- _Data block_

☆ ☆ ☆

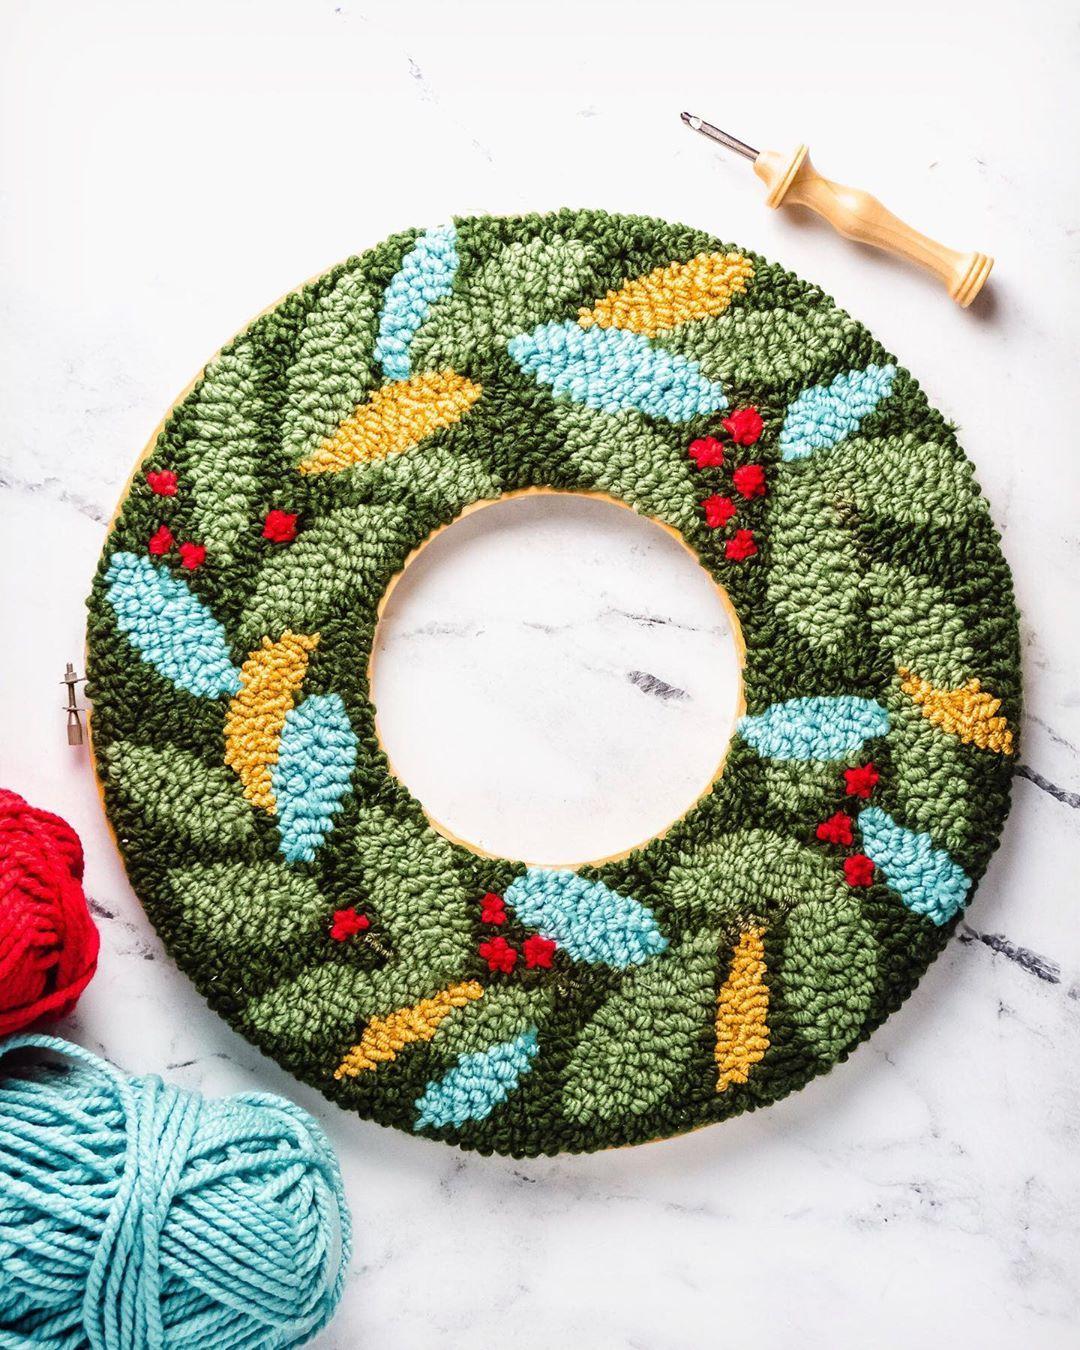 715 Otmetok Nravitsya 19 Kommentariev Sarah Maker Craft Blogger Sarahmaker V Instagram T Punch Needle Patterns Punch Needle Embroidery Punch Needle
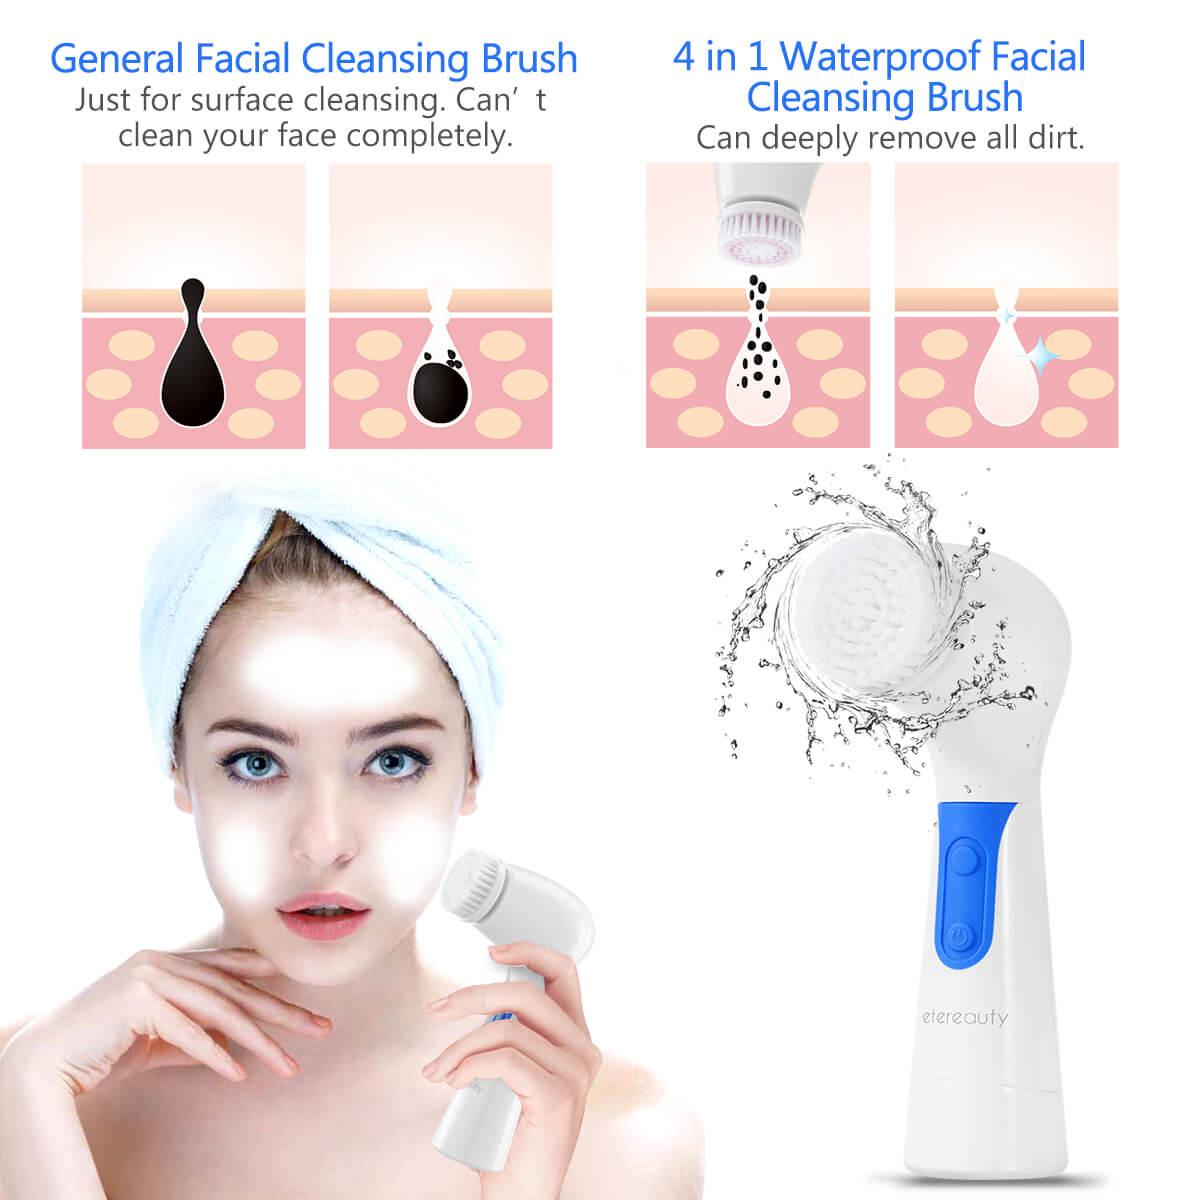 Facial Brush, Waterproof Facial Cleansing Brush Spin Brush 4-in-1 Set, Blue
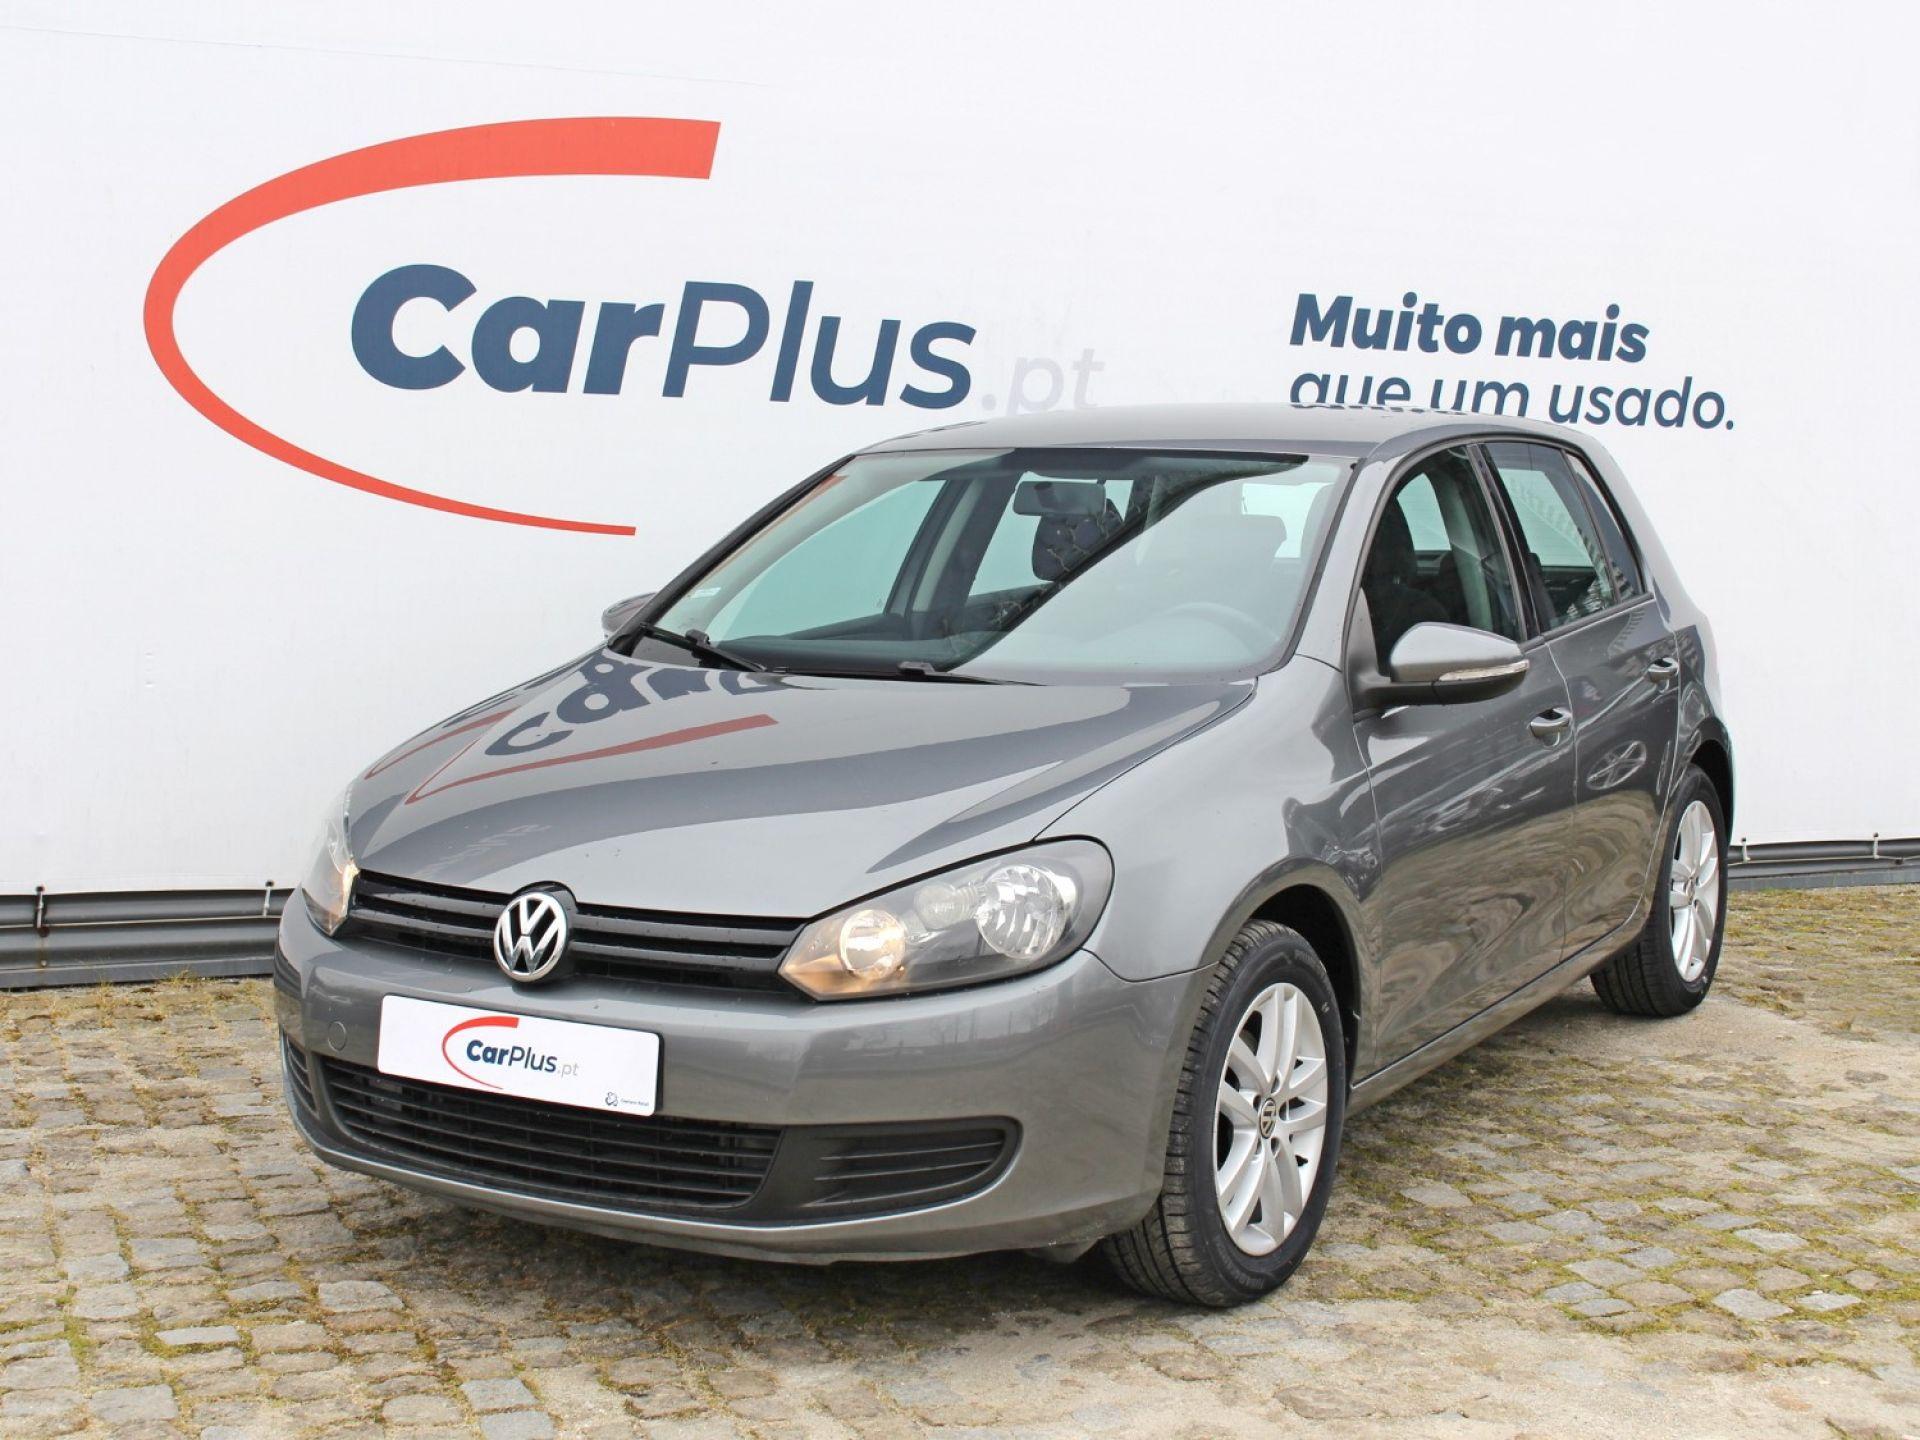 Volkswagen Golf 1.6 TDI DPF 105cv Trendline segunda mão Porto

☆ ☆ ☆

- _Exercise details_
Reprint the data verbatim, pictures excluded.

- _Written response_
 715 Otmetok Nravitsya 19 Kommentariev Sarah Maker Craft Blogger Sarahmaker V Instagram T Punch Needle Patterns Punch Needle Embroidery Punch Needle
 Facial Brush, Waterproof Facial Cleansing Brush Spin Brush 4-in-1 Set, Blue
 Volkswagen Golf 1.6 TDI DPF 105cv Trendline segunda mão Porto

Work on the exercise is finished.